Island Count

Island Count

Given a 2D array binaryMatrix of 0s and 1s, implement a function getNumberOfIslands that returns the number of islands of 1s in binaryMatrix.

An island is defined as a group of adjacent values that are all 1s. A cell in binaryMatrix is considered adjacent to another cell if they are next to each either on the same row or column. Note that two values of 1 are not part of the same island if they’re sharing only a mutual “corner” (i.e. they are diagonally neighbors).

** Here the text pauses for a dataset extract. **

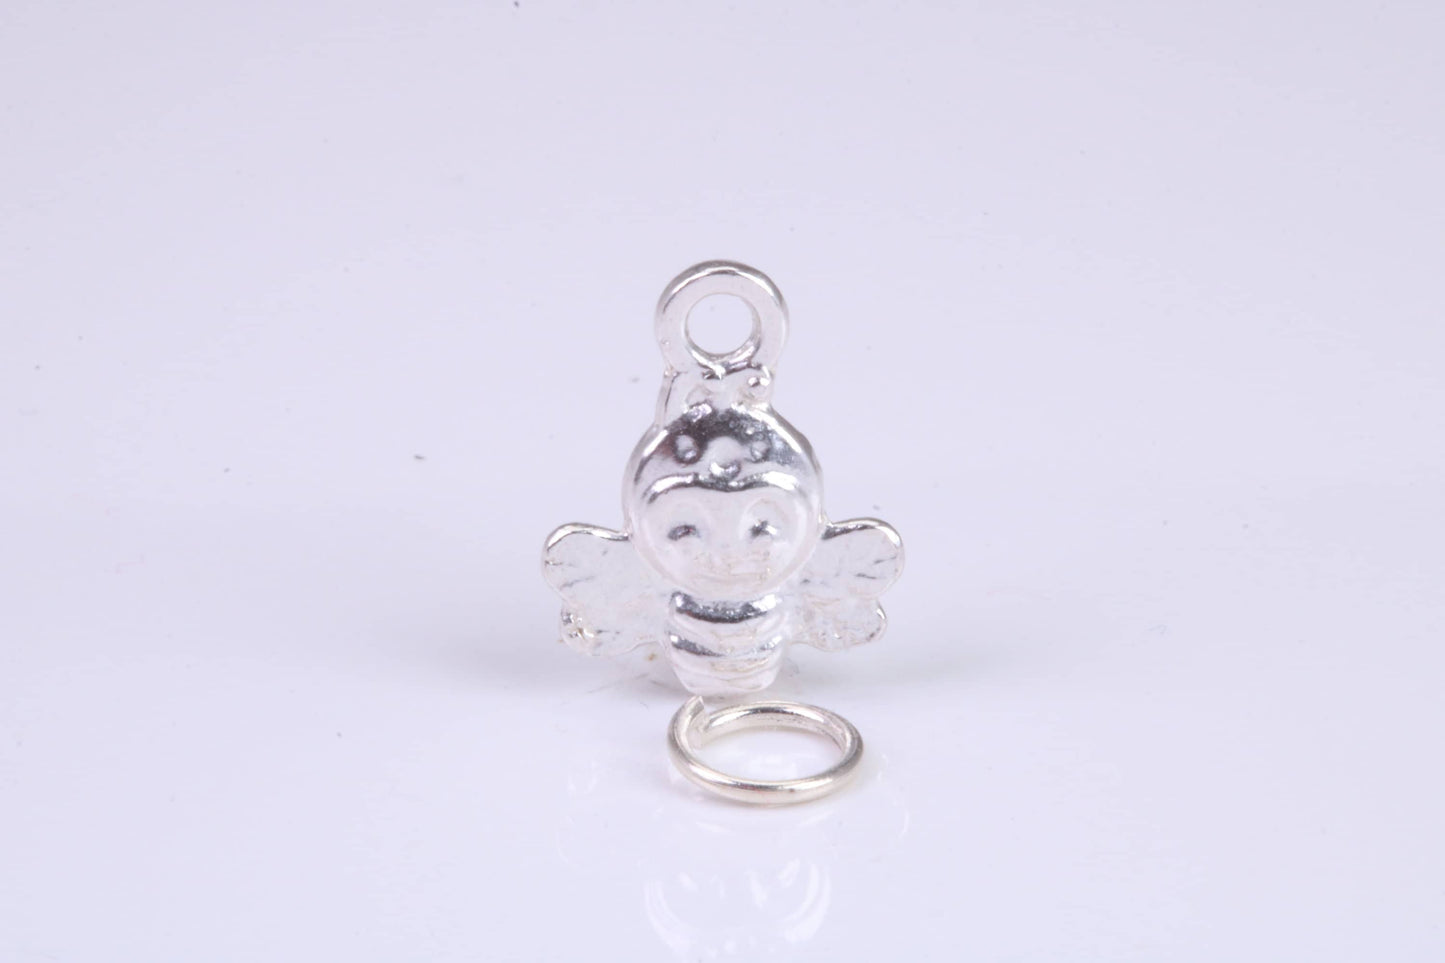 Bird Charm, Traditional Charm, Made from Solid 925 Grade Sterling Silver, Complete with Attachment Link

Explain and code the most efficient solution possible and analyze its time and space complexities.

Example:

input: binaryMatrix = [ [0, 1, 0, 1, 0], [0, 0, 1, 1, 1], [1, 0, 0, 1, 0], [0, 1, 1, 0, 0], [1, 0, 1, 0, 1] ] output: 6 # since this is the number of islands in binaryMatrix. # See all 6 islands color-coded below.

Constraints:

• [time limit] 5000ms

• [input] array.array.int binaryMatrix

  • 1 ≤ binaryMatrix.length ≤ 100
  • 1 ≤ binaryMatrix[i].length ≤ 100

• [output] integer

 

 

Island Count

• If your peer is stuck, ask them if they know how to traverse a undirected graph.
• At this point, you peer may come up with a recursive solution by using a Breadth-First Search (BFS) or a Depth-First Search (DFS) algorithm. While this works, see if you can nudge them toward an iterative solution. This is not a must, but preferable.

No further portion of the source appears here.